Though there are no statutes addressing the issue of unattended animals, Texas does have animal cruelty laws. Leaving pets inside of vehicles under extreme conditions could qualify as a punishable offense.

TX Motorcycle & Bicycle Helmet Laws

While riding a motorcycle in Texas, a helmet is not required as long as you:

  • Are 21 years old or older.
  • Have a health insurance plan covering injuries suffered in a motorcycle accident.
  • Have successfully completed a motorcycle operator training and safety course.

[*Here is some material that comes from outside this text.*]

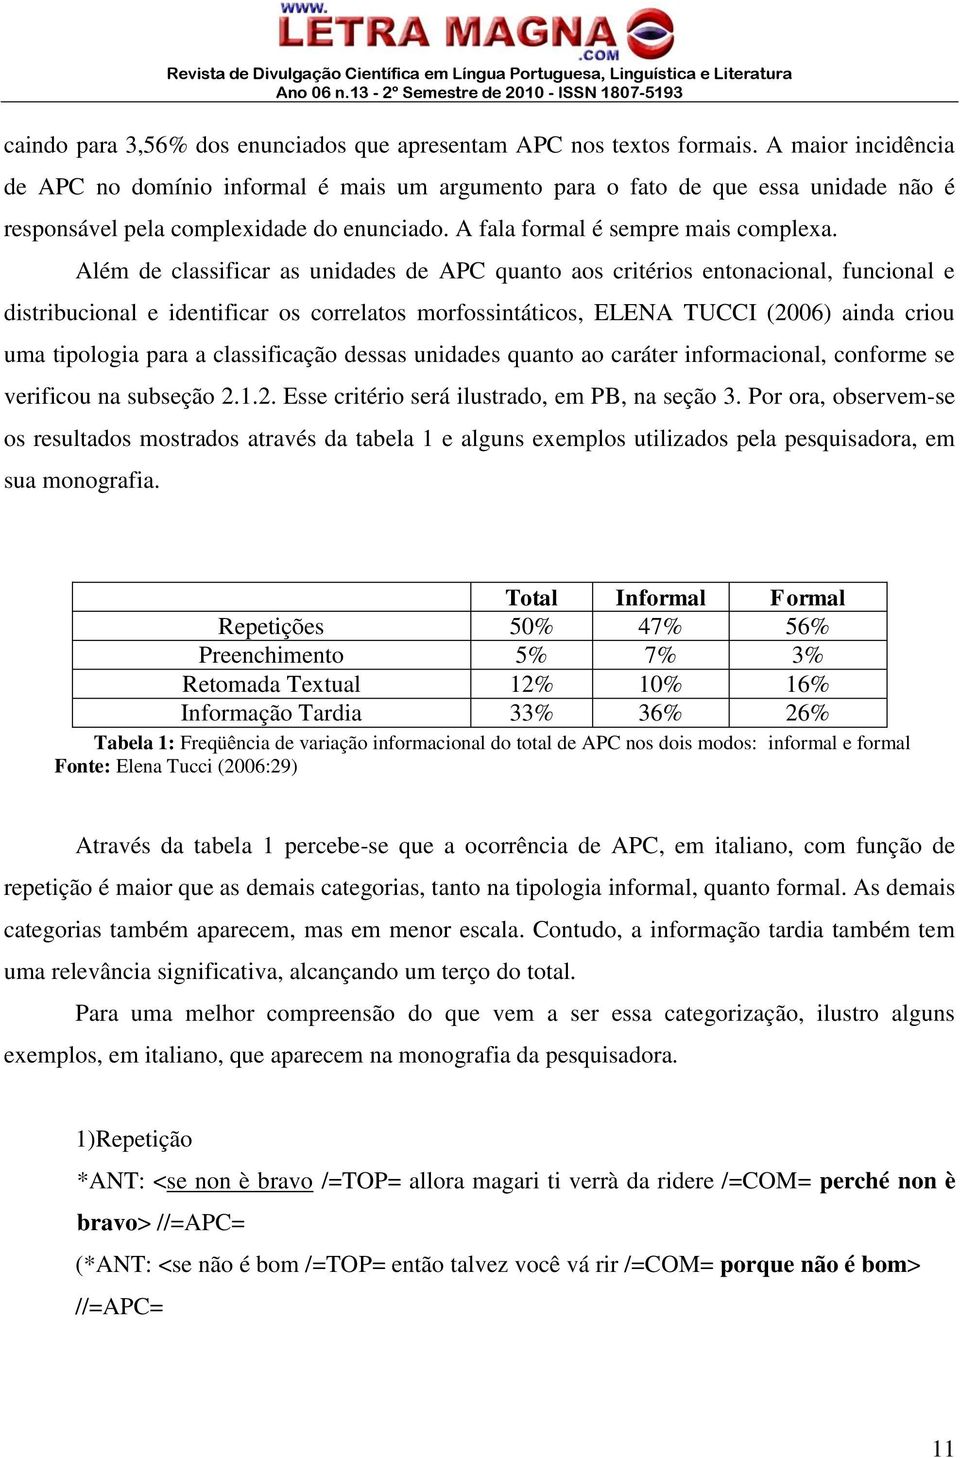 Além de classificar as unidades de APC quanto aos critérios entonacional, funcional e distribucional e identificar os correlatos morfossintáticos, ELENA TUCCI (2006) ainda criou uma tipologia para a

Laws requiring the use of a helmet while riding a bicycle can vary depending on your city or county of residence. Please check with your local law enforcement for more information.

Texas Headlight Laws

All motor vehicles must have 2 working headlights that shine white in color. Do not install any features that may obstruct the headlight such as a cover or grill.

Turn on your headlights from 30 minutes after sunset to 30 minutes before sunrise, or anytime when visibility is less than 1,000 feet.

  • Motorcyclists: Turn on your headlights during the daytime to increase your visibility to cars and trucks.
  • Bicyclists: Use a light on the front of your bike and a red light or reflector on the back at night.